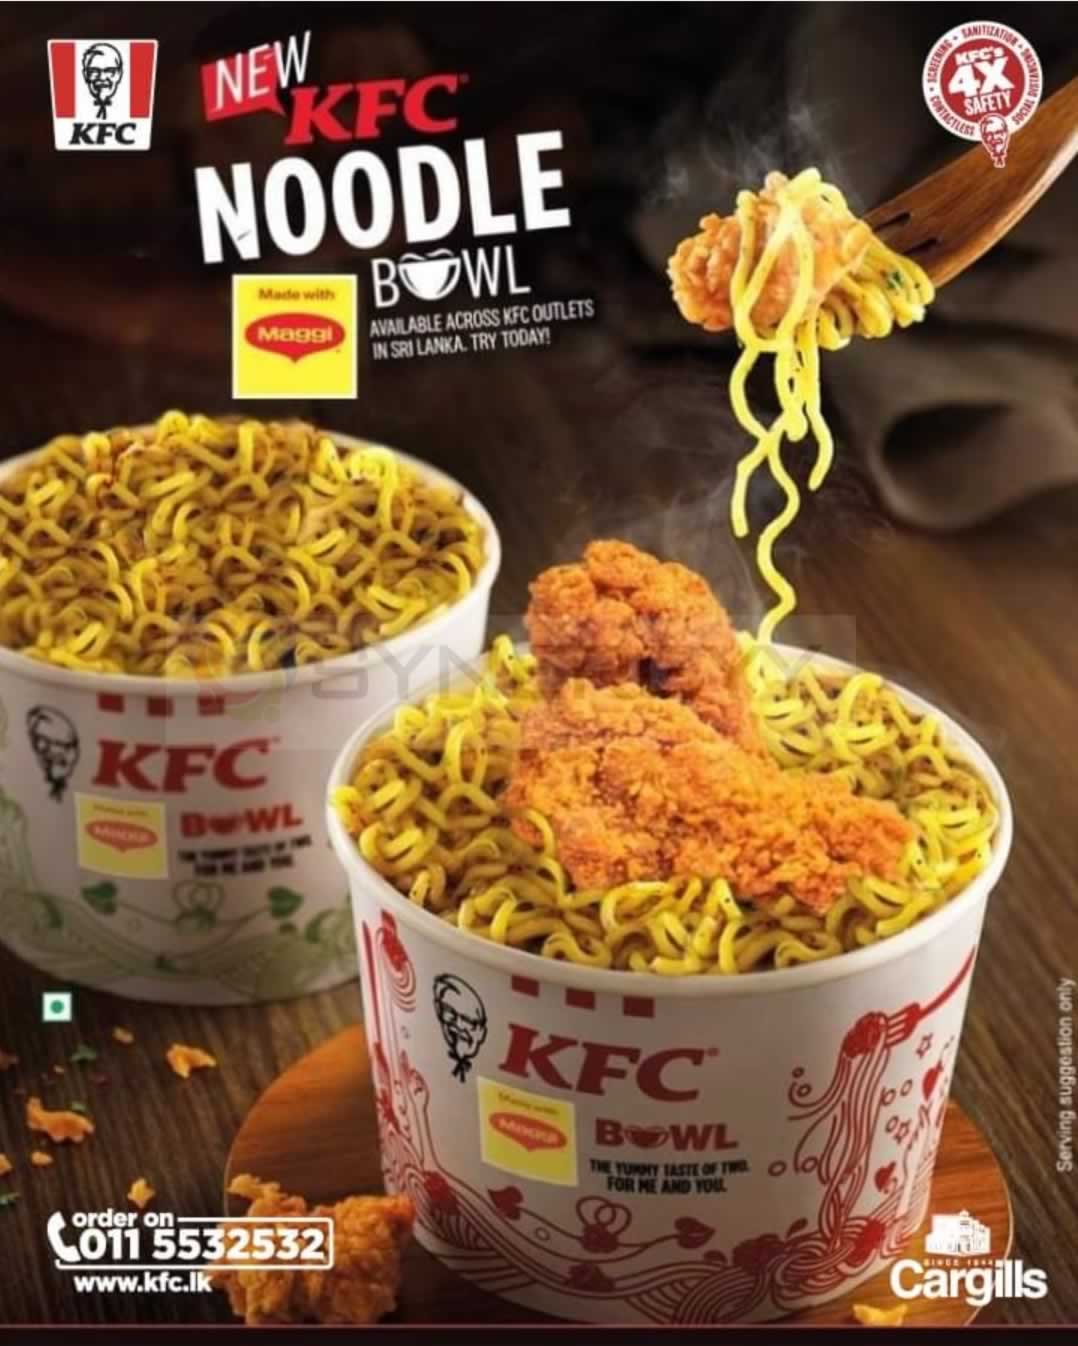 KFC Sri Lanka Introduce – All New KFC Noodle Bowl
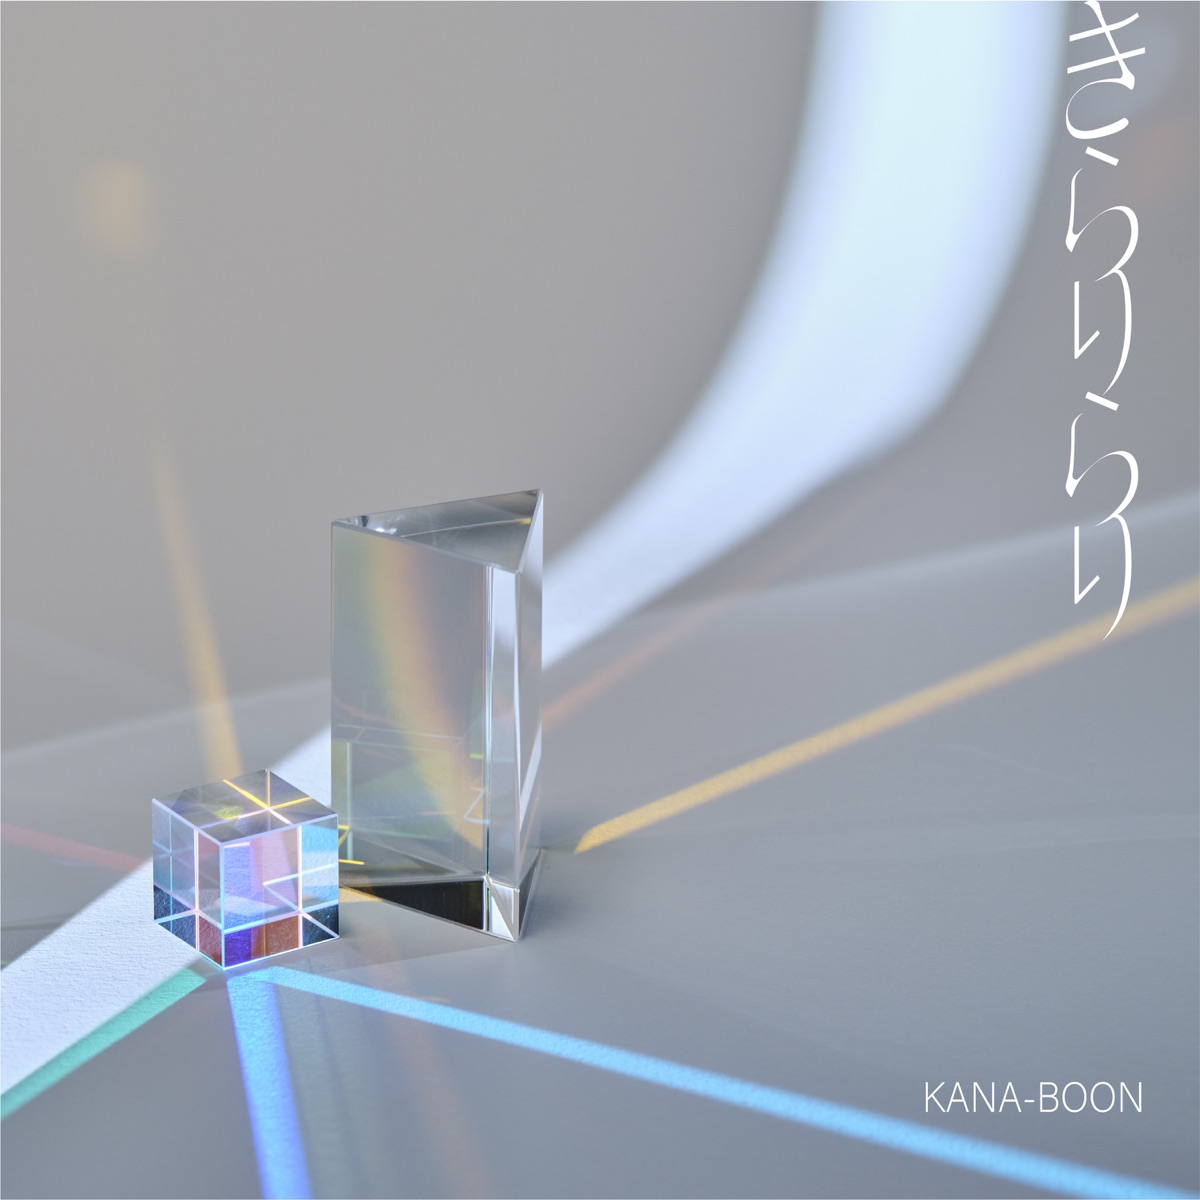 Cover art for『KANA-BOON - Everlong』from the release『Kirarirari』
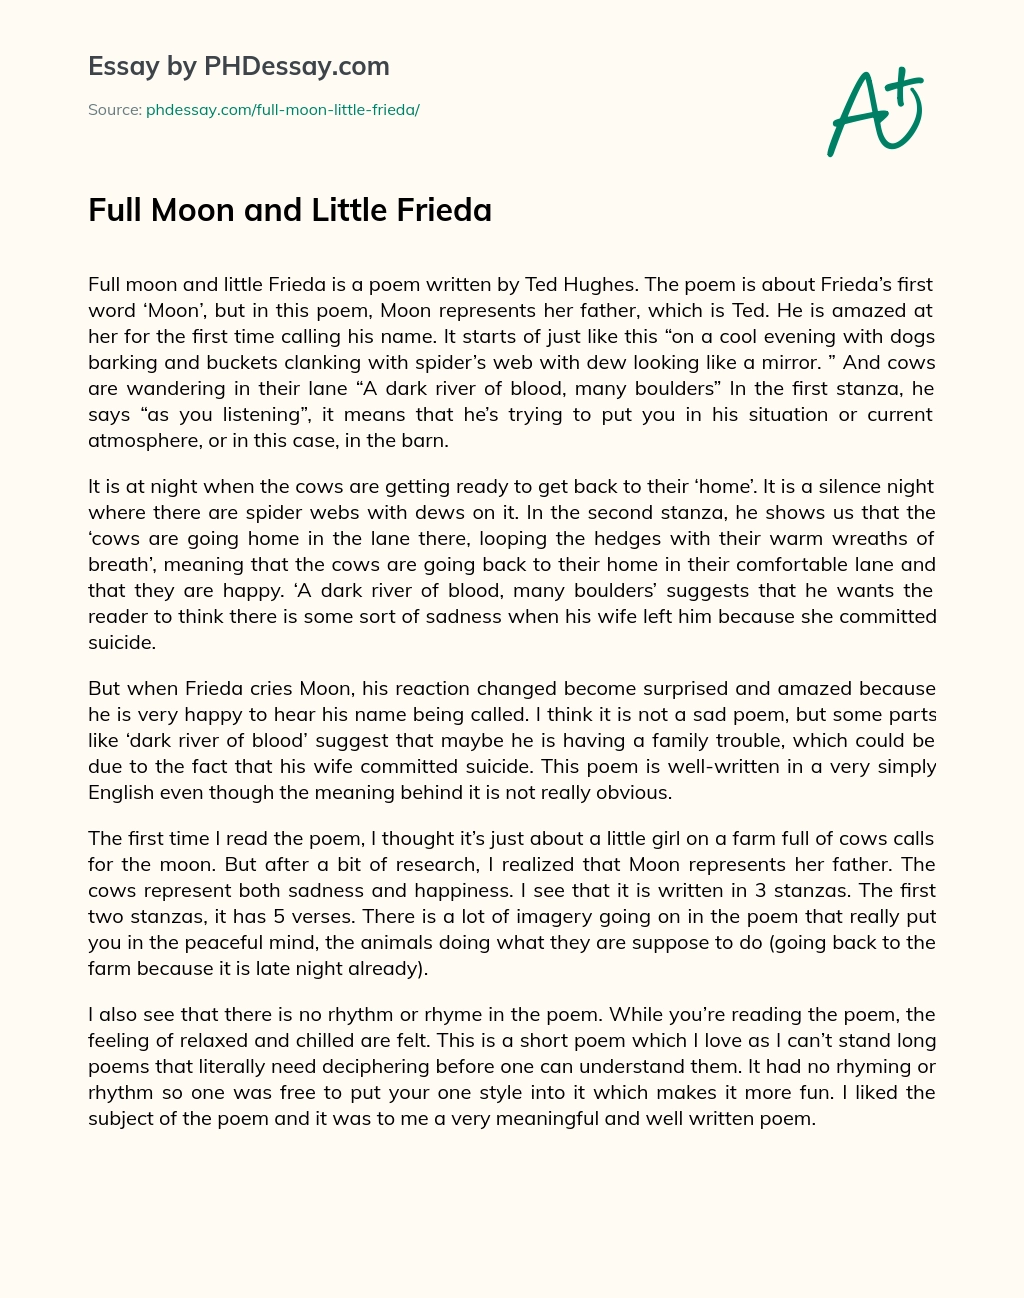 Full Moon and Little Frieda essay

==================================================

Set down word for word, from the line that contains "Cover art for『KANA-BOON" to the end of the listing above, every line and no picture.

**FINAL ANSWER:**
 Cover art for『KANA-BOON - Everlong』from the release『Kirarirari』
 Full Moon and Little Frieda essay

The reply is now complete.